The most common species that seemed to show up was this very dark (almost black) species in the genus Hogna. They are certainly one of the larger species of Wolfies. They have very large chelcerae (fangs) and aren't afraid to use them. I've mentioned before my husbands ability to attract insects that bite and sting like poo attracts flies. This September he came into the house in a panic, flushed and sweating. He said he had been bitten on the toe inside his boot. He shook the boot out and found a medium sized spider and had no idea what kind it was. I assured him it wasn't a particularly dangerous species, that it was a wolf spider and their bite is very painful. He said "NO KIDDING!" I felt bad for him, because this particular bite followed a similar bite he received on his back about 3 weeks prior. Something had fallen down his shirt when he went into the chicken house to get the eggs. It bit him HARD before he even knew anything was there. The bite swelled and itched for weeks. He just got over that bite and then according to him was "attacked again." This bite also swelled and bothered him for weeks. He said he now knows what bit him on the back, the bites felt exactly the same and both bites reacted the same. He was on an all out mission to kill each and every spider he found after that. I really couldn't blame him, although I really didn't want him killing them.
Wolf Spider numbers were definitely up in our area this year. I've found no less than 20 in my basement alone. A friend of mine found one on her ceiling, and from the amount of them that were brought into my office this year for ID, I can honestly say there are no shortage of them this year. So I guess the fact that my husband is killing in retaliation to his perceived attacks can be tolerated as acceptable losses.

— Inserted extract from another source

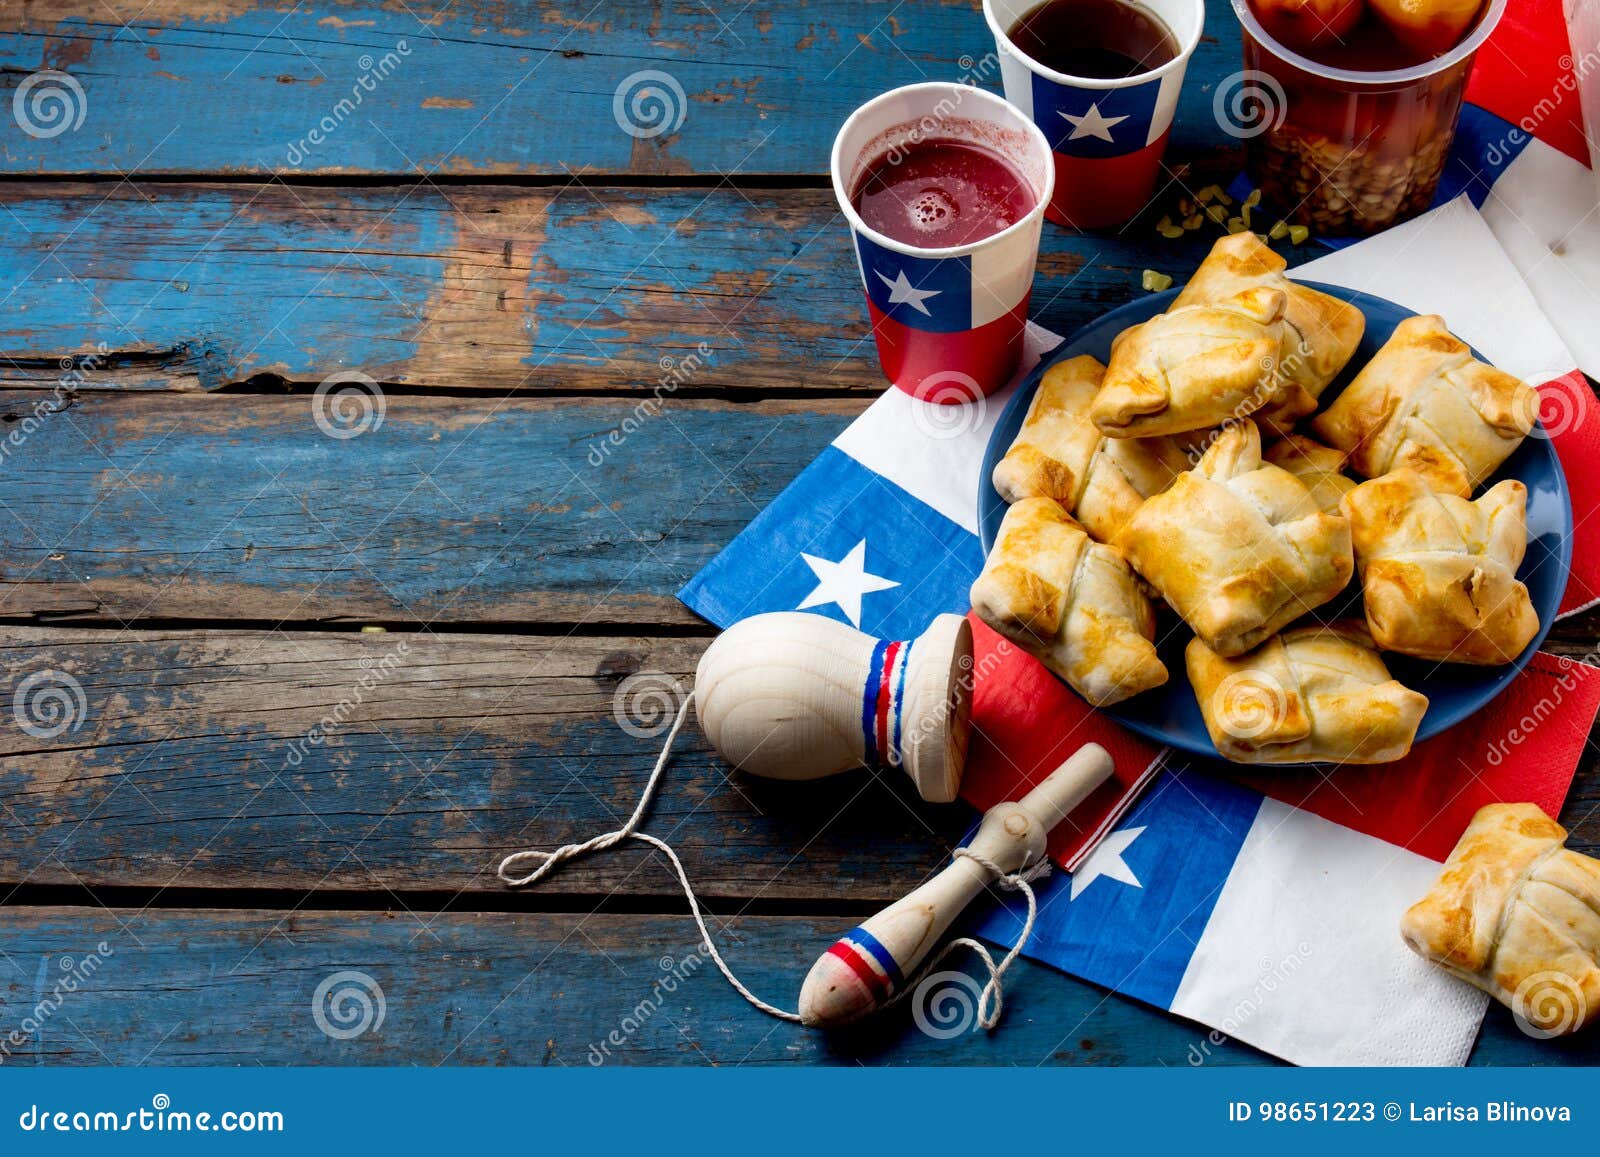 chilean independence day concept. fiestas patrias. chilean typical dish and drink on independence day party, 18

My daughter is terrified of spiders, yet knows that I am fascinated by them. Her and a friend found one crawling around outside her friends house and decided to try and catch it for me. Her retelling of the story had be in stitches as she describes the two of them screaming and squealing as they corralled this "monster" into a container to give me. I assured her it was the best gift ever, and in fact I kept it. I've been feeding her crickets(Above) and gave her a very nice container to live in. The other day I went downstairs to feed her and discovered she is about to be a mommy herself. She had formed an egg sac and was carrying it around on her spinnerets.

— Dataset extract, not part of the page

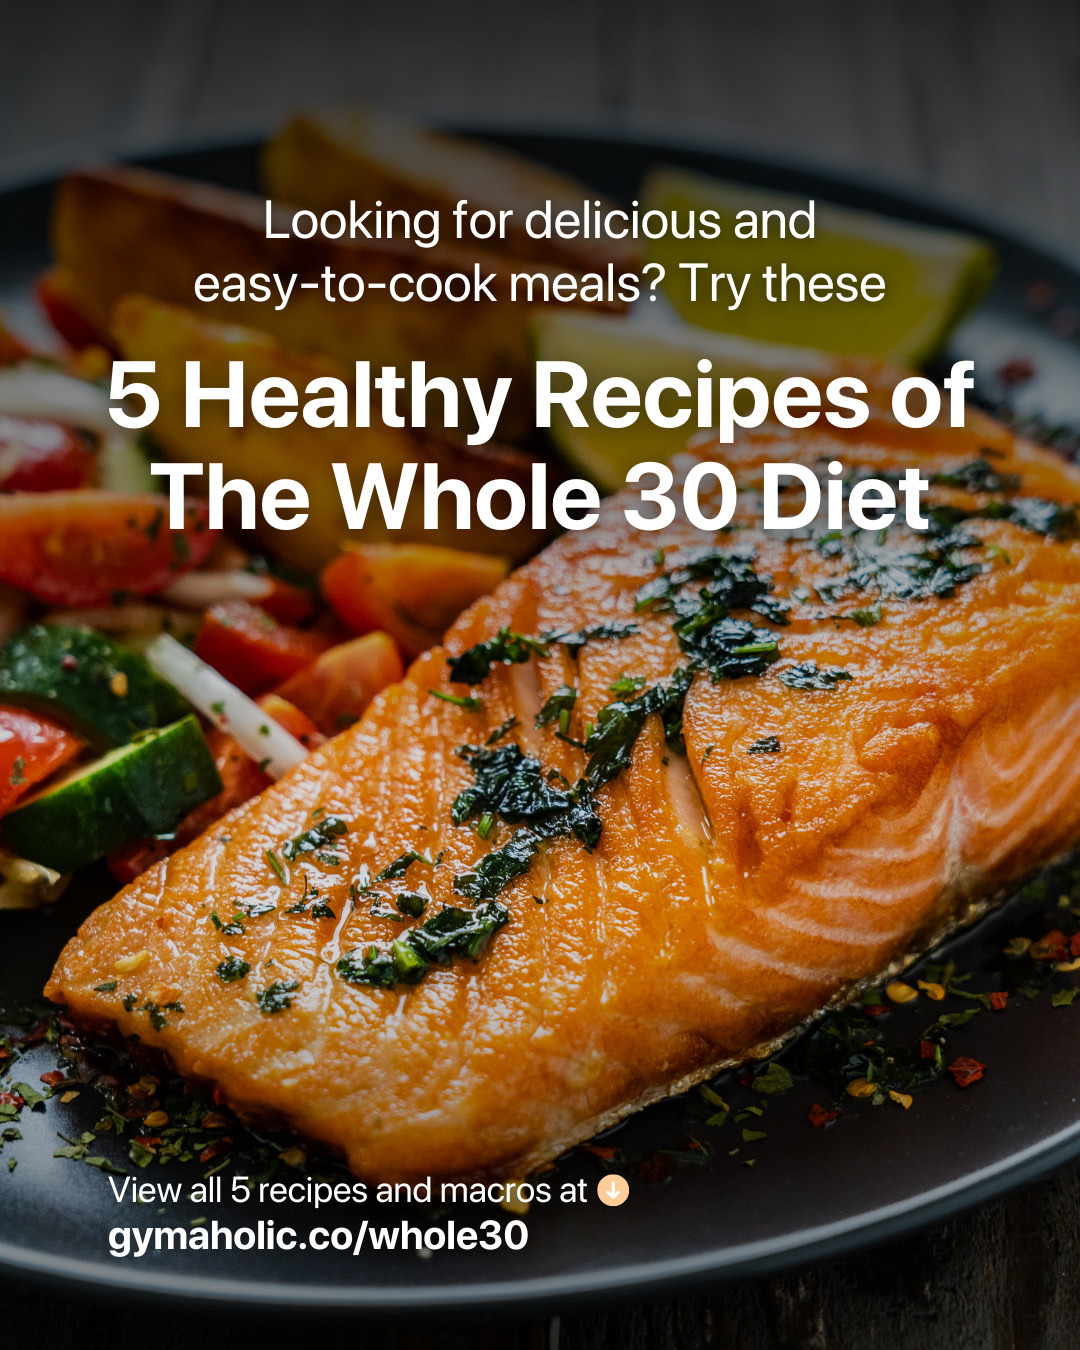 5 Healthy Recipes of The Whole 30 Diet

I am assuming that sometime within the next 4 to 28 days the eggs will hatch. Nothing like a broad range to keep you wondering when the big day will be. Now I have no choice but to keep a close eye on her. I really want to get pictures of the babies hatching. When the egg begins opening the female will help the young spiderlings emerge from the egg sac. The spiders will then crawl on top of their mothers back and ride around with her for several days until they molt for the first time (pictured below).
Wolf Spiders are in the family Lycosidae, from the Greek word lycosa meaning "wolf." These are very successful predators and are often compared to wolves in their hunting tactics. These spiders are quick and agile hunters and stalk and chase down their insect prey. Their eyes are key identification feature, there are three rows of eyes, the first row contains 4 small eyes that are situated on the front of the face, the second row of two eyes is much larger and aim forward. The last row of two medium-sized eyes sit atop the carapace and give the spider rear and lateral vision. They have exceptionally great eyesight for a spider and most likely can see well at night also.
With over 200 species in North America there is no shortage of wolfies to find and study. Don't count on finding them in webs as they do not build traditional webs like Orb Weaver spiders. They hide out under vegetation, rocks, logs, in sheds, basements and garages and some will even dig holes in the ground to retreat into. They will use silk inside these holes in the ground to help conceal them or to spend time resting or waiting for prey to pass by, and the females use silk to create their egg sacs. Many species have no form of retreat at all and will instead run away from danger.
I had one gentleman call me about a month ago concerned because he had many of these large spiders hanging out in his front yard underneath a pole light. He said they were very large and there were well over 20 or 30 of them. He was concerned they would bite his children or get into his home. While I could not assure him that they would not make it into his house, I did my best to convince him to not kill them, and told him that the reason they were congregating around his pole light was to eat the insects that were also attracted to the light.